Nevertheless, preliminary experiments are consistent with Pten having an influence on longevity in Nasonia. N. giraulti males have shorter lifespans than do N. vitripennis males under conditions where the males are provided with water but no nutrition. To investigate the possibility that Pten influences longevity, we introduced the Pten allele from N. giraulti (hereafter Pten-g) into an N. vitripennis background by six generations of backcrossing. Each generation, heterozygous Pten-g/Pten-v females were selected and crossed to N. vitripennis males. The alternative Pten alleles were identified by PCR-RFLP. After six generations, a homozygous Pten-g strain was established by crossing Pten-g males to Pten-g/Pten-v females and selecting for homozygous females, which were then crossed to Pten-g males. By this point, the average proportion of Ng within the genome of the backcrossed line is expected to be 3%, whereas the lines are fixed for Pten-g and tightly linked N. giraulti alleles. Males of the Pten-g strain showed significant reduction in longevity relative to the standard N. vitripennis line from which it was derived (109.7 ± 32.2 versus 144.3 ± 26.6 hr; t-test, p < 0.05).

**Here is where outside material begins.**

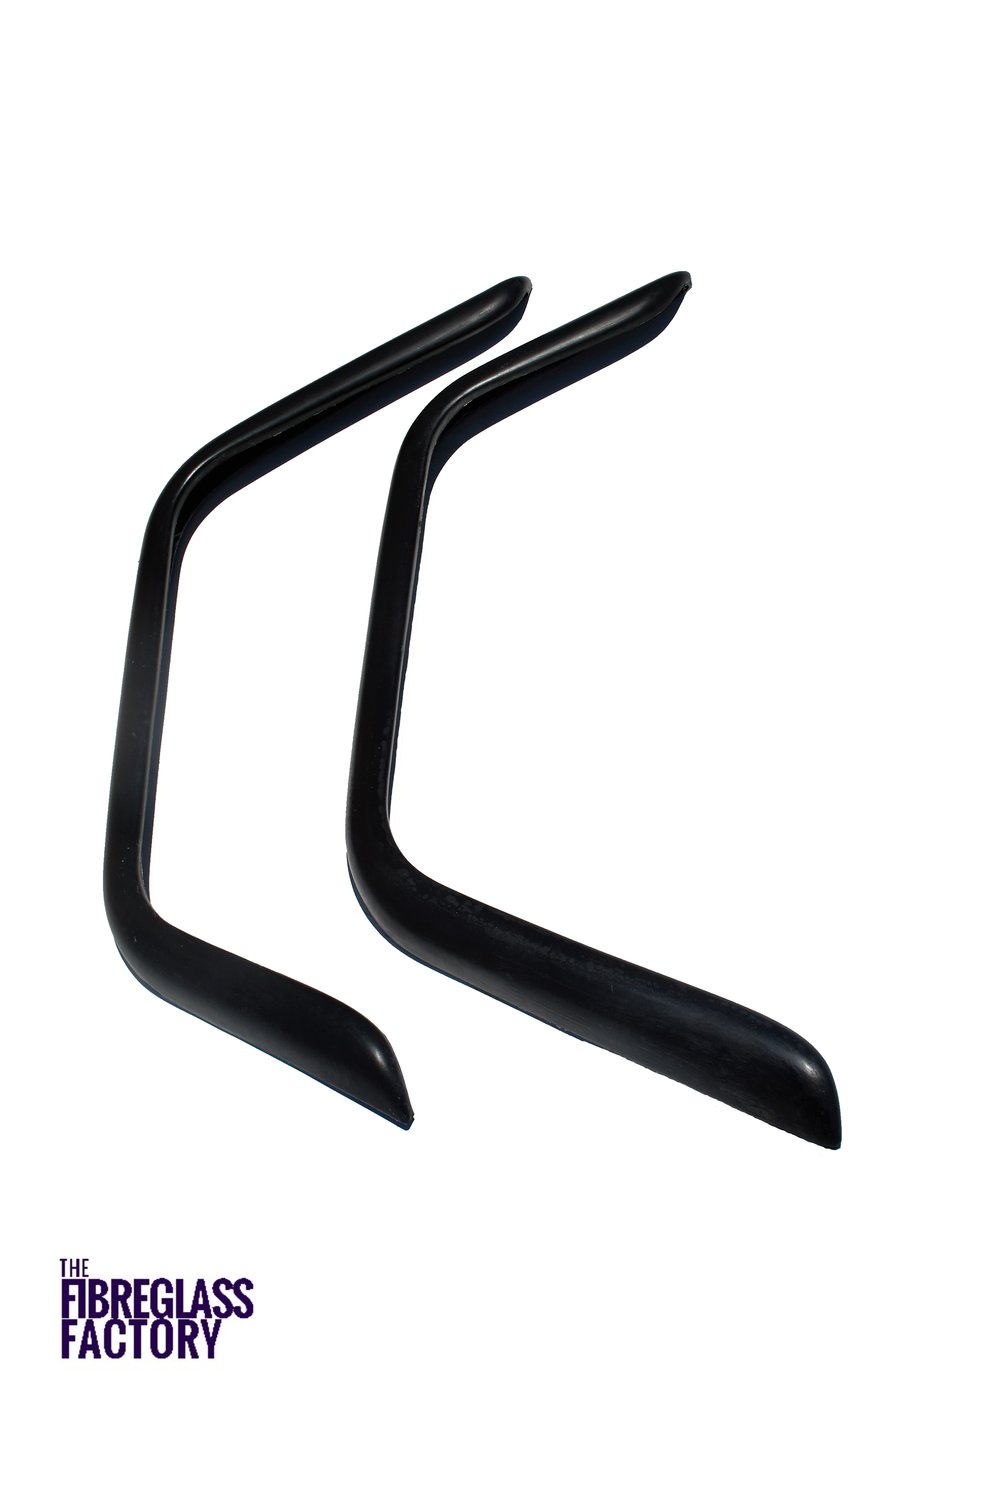 Image of 40 Series Front and Rear Fibreglass Flares 60mm wide + Fitting Kit

To test for whether longevity effects are associated with Pten, Pten-g males from one line were crossed to N. vitripennis females to create heterozygous females. These were then set as virgins to produce F2 haploid males. One set was genotyped as young adults, and another provided with water until approximately 90% had died. The survivors were then genotyped. Although 43.6% of young males were Pten-g (N = 39), only 14.3% of survivors were (N = 42; χ2 = 8.55, 1 df; p < 0.01).

These results suggest that introgression of the genomic region of N. giraulti (reduced male longevity) containing Pten into N. vitripennis decreases male longevity, although it is not yet determined whether this can be attributed to Pten or flanking genes. Furthermore, it will need to be established whether this is due to an interspecies genetic incompatibility versus a specific longevity effect of Pten. Given the importance of Pten in several cellular and organismal phenotypes in diverse organisms, it is worthwhile to determine what phenotypes are affected by rapid evolution at this locus. Furthermore, the entire Pten in these lineages should now be sequenced to determine whether other portions are involved in directional selection. Examination of known interacting proteins (e.g., FAK and Shc [Yamada and Araki 2001]) could reveal whether complementary adaptive changes are occurring suggestive of specific protein-protein interactions.

For a long time, well-established cases of positive selection have remained rare. More recently, partly due to the development of more powerful statistical analyses (reviewed by Yang and Bielawski, 2000), numerous cases of positive selection have been identified. In a wide range of species, significantly elevated dN/dS ratios have frequently been described among two main gene categories: those involved in host-parasite arm race (Bishop et al. 2000; Ford 2001; Jiggins et al. 2002; Urwin et al. 2002) and those involved in reproduction (reviewed by Howard 1999; Swanson and Vacquier 2002). Though much less frequently, positive selection has also been reported in various genes, like those involved in digestion, in electron transport, or hormones (e.g., Ward et al. 1997; Goldberg et al. 2003; Wallis 2001). In primate lineages, positive selection has been reported for the genes angiogenin and BRCA1, which are involved in the regulation of cell division (Huttley et al. 2000; Zhang and Rosenberg 2002). In addition, Nielsen et al. (2005) recently found several genes involved in tumor suppression and apoptosis among those showing the strongest signs of positive selection between human and chimpanzee. Our study suggests that strong positive selection among genes involved in cell growth and proliferation might not be restricted to primates.